Sorry for the delayed reply. It seems most of your questions
are already answered by Pasquale and Davide, as well as by the
results of your own experimentation. I will only try to give  
some more comments on the questions requiring additional
clarification.

>Any standard jobs work fine. I have now tried to "activate" multiple
>cores, but when I set mklnp=4...

Starting parallel job on standalone multicore, SMP,
or NUMA computer exactly as if were the serial one but using
mklnp (or np, the alternative new name since v. 7.1.G) variables
seems to be the very common and typical mistake. Perhaps, the
documentation is not clear enough here and needs to be improved.
However, if one looks at the document describing mklnp variable,
one can find the (almost) complete list of types of jobs that
benefit of the use of multithreading. All other jobs will only
be slightly affected, if affected at all, as they will not
generally use multiple threads (more precisely, dgemm calls
still will be using multiple threads).


>Any standard jobs work fine. I have now tried to "activate" multiple
>cores, but when I set mklnp=4, the performance slows down to a crawl.
>(Geometry optimization of water, 6-31G, takes minutes instead of a
>fraction of a second on a single core; indeed in top I see 4 "fireflies", each with 20-30% CPU utilization...

Moreover, a fraction-of-second jobs will be generally negatively
affected by multithreading because of some initialization and
synchronization overhead. So the general advise is - try run it in
parallel using MPI first; and only use multithreaded mode if it is
the only available option how to run the code using several cores,
or if is explicitly listed as having good threading scalability.

>I also tried the standard (MPI) parallel mode (-np 2 on the command line); but with the small system it's not clear whether I run on more than one core ...

If you see something like the following

 PARALLEL VERSION (MPICH) RUNNING IN SERIAL MODE USING SINGLE PROCESS

in your output, be sure it is not running in parallel.

>Obviously, I am doing something wrong, but I am also wondering whether
>the documentation is up to date / fully accurate for 7.1.G?. E.g., one readme advises to set
>$smp call64=.t. $end
>It seems to me, however, that even in the absence of this statement
>the 64 bit is being used (I add relevant output from a run without any special options set).
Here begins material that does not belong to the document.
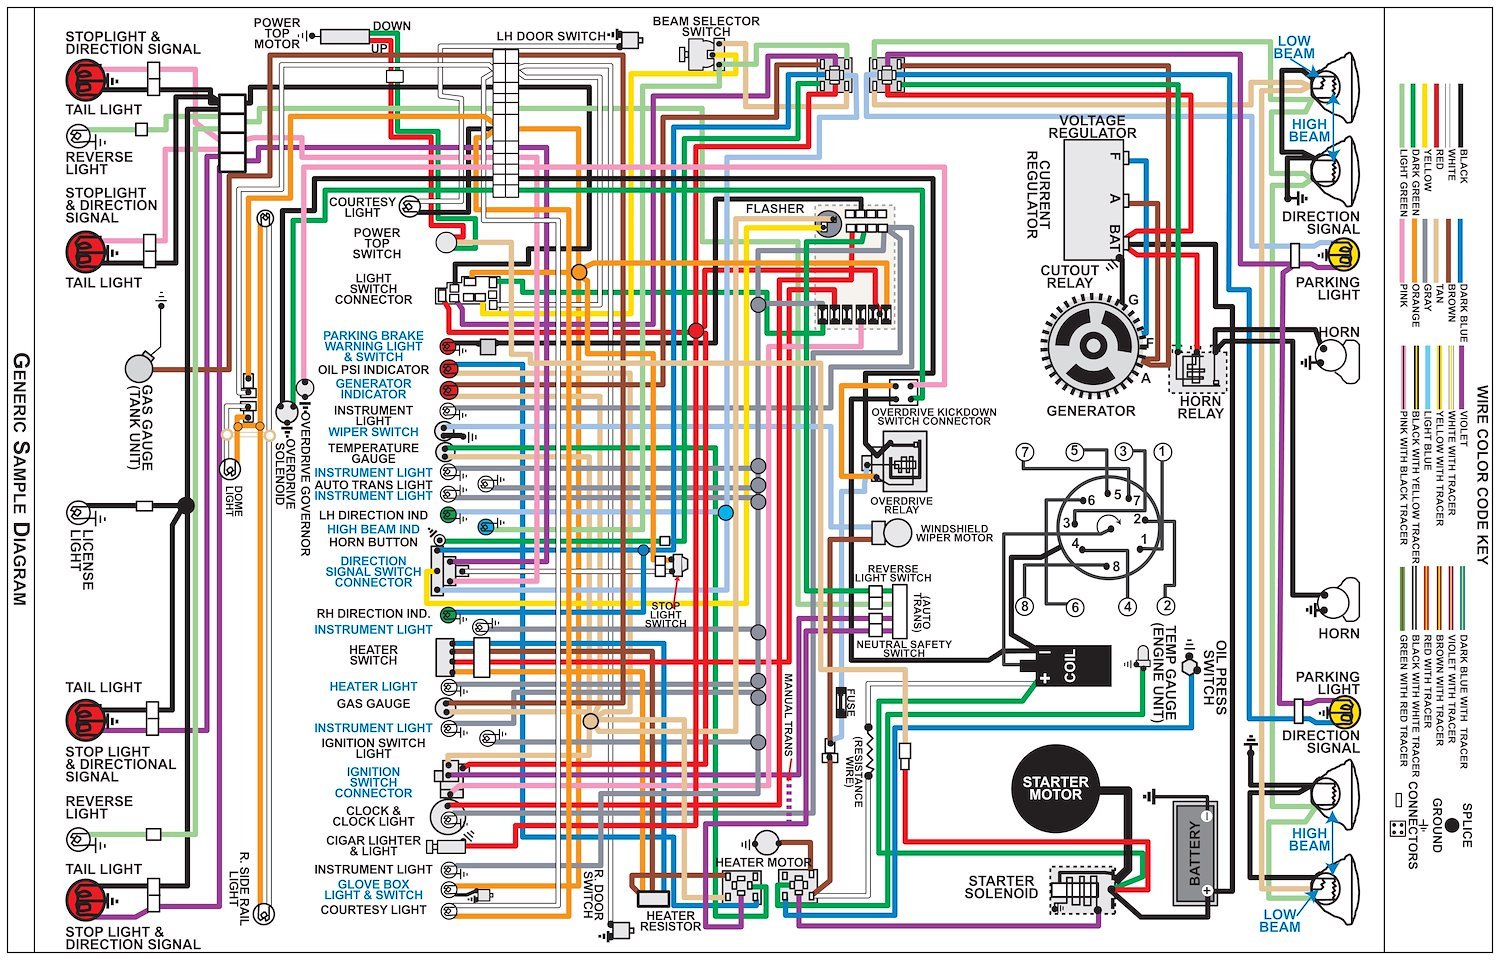 Wiring Diagram for 1958 Chevy Belair, Biscayne, Delray,

Yes you are right here - the call64 option is now turned
on by default under Linux, not only under Windows.  

Regards,
Alex Granovsky



On Wed Apr 21 '10 10:27am, Stefan Boresch wrote
-----------------------------------------------
>I am using firefly 7.1.G, "Serial/parallel Linux binaries linked with MPICH, optimized for Pentium 4, Pentium D, Xeon, Intel Core 2 (Conroe/Merom/Woodcrest/Clovertown etc..., Penryn/Harpertown etc...), Intel Core i7 (Nehalem etc..) processors, as well as for AMD Phenom (tri- and four-core)/AMD Barcelona (four-core Opterons) processors."

>The OS is Ubuntu 9.10,
>Linux loop 2.6.31-20-generic #58-Ubuntu SMP Fri Mar 12 04:38:19 UTC 2010 x86_64 GNU/Linux

>Any standard jobs work fine. I have now tried to "activate" multiple
>cores, but when I set mklnp=4, the performance slows down to a crawl.
>(Geometry optimization of water, 6-31G, takes minutes instead of a
>fraction of a second on a single core; indeed in top I see 4 "fireflies", each with 20-30% CPU utilization...

>I also tried the standard (MPI) parallel mode (-np 2 on the command line); but with the small system it's not clear whether I run on more than one core ...

>Obviously, I am doing something wrong, but I am also wondering whether
>the documentation is up to date / fully accurate for 7.1.G?. E.g., one readme advises to set
>$smp call64=.t. $end
>It seems to me, however, that even in the absence of this statement
>the 64 bit is being used (I add relevant output from a run without any special options set).

>The real applications we have in mind have appr. 80-100 electrons, to
>be handled with 6-31G(d) or (slightly) better, and we'll work our way through plain SCF, B3LYP up to MP2. Thus, getting the most out of our quadcores would be nice.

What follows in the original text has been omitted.